The witch technical interviews (reversing, hexing, typing, rewriting, unifying) by Kyle Kingsbury (13,300 words, 53 mins): what if a witch interviewed for software engineering roles? Kyle, whose day job is designing distributed databases, also writes fantastic fiction here. Impossible to summarize, so here’s a taste:
If you want to get a job as a software witch, you’re going to have to pass a whiteboard interview. We all do them, as engineers–often as a part of our morning ritual, along with arranging a beautiful grid of xterms across the astral plane, and compulsively running ls in every nearby directory–just in case things have shifted during the night–the incorporeal equivalent of rummaging through that drawer in the back of the kitchen where we stash odd flanges, screwdrivers, and the strangely specific plastic bits: the accessories, those long-estranged black sheep of the families of our household appliances, their original purpose now forgotten, perhaps never known, but which we are bound to care for nonetheless. I’d like to walk you through a common interview question: reversing a linked list.

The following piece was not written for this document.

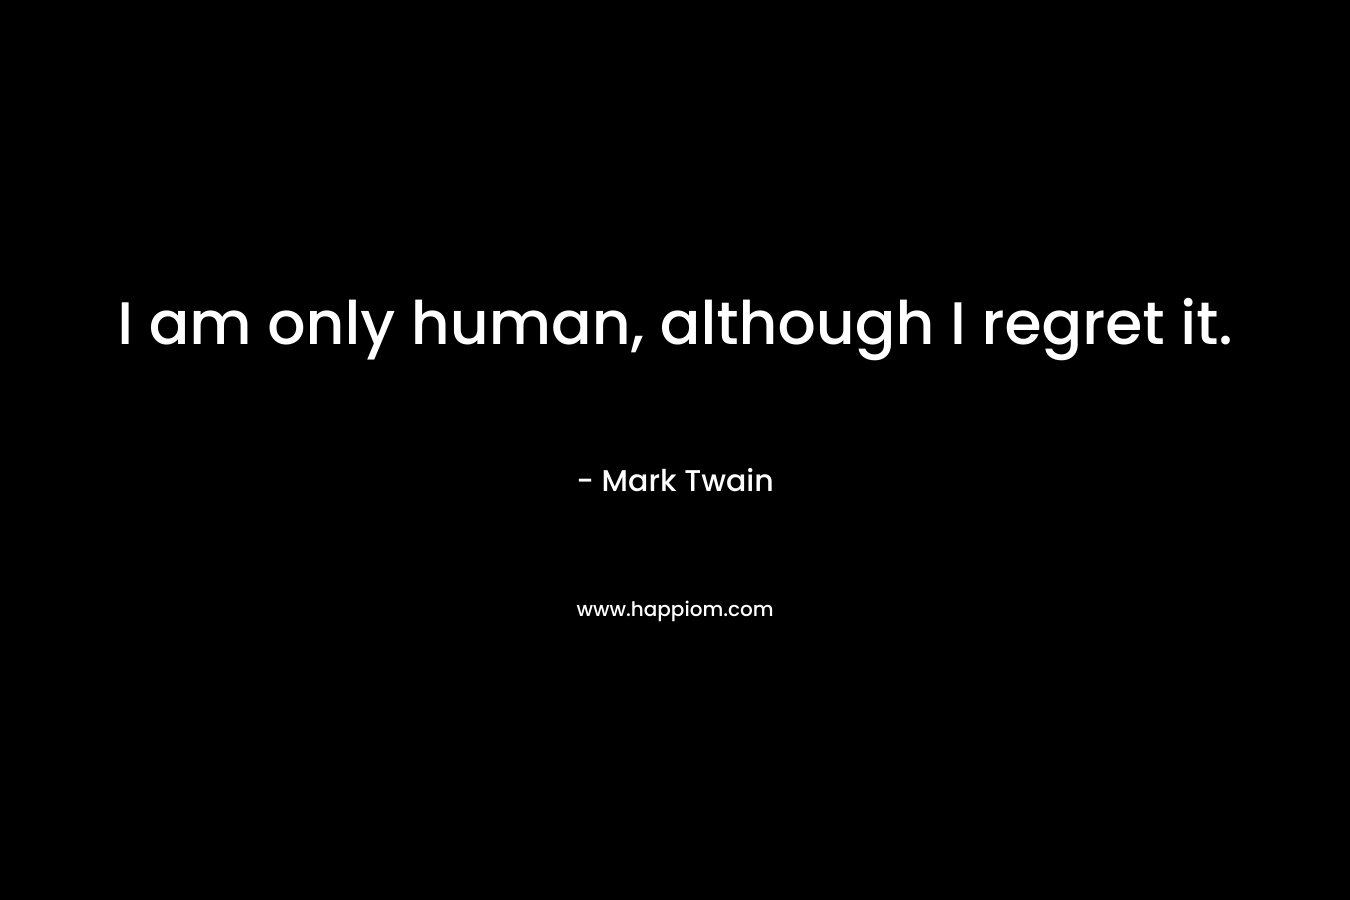 I am only human, although I regret it.

Selfies as a second language by Eugene Wei (1,300 words, 5 mins): there are stark generational divides in tech consumer behavior if you know where to look, driven by tech shifts: we shape our tools, then they shape us. Snapchat gives a particularly clear example, claims Eugene: send a Snap to older folks and they respond with either text or emojis; send it to young’uns and they respond with a selfie. His guess: old folks didn’t grow up with smartphones so they experience “photographic body alienation” because cameras introduce distortions (“adds ten pounds”), but young’uns don’t because they’re used to smartphone cameras, they’ve internalized the disparity between selfies and the real world like models/celebs do, and they’ve spent a lot of time mastering the selfie (e.g. A/B testing selfie poses for most likes) as a rational strategy to accumulate social capital, driven by the insight that virtual self > physical self. Since older folks get set in their ways, this means selfies will always be a “second language” to them.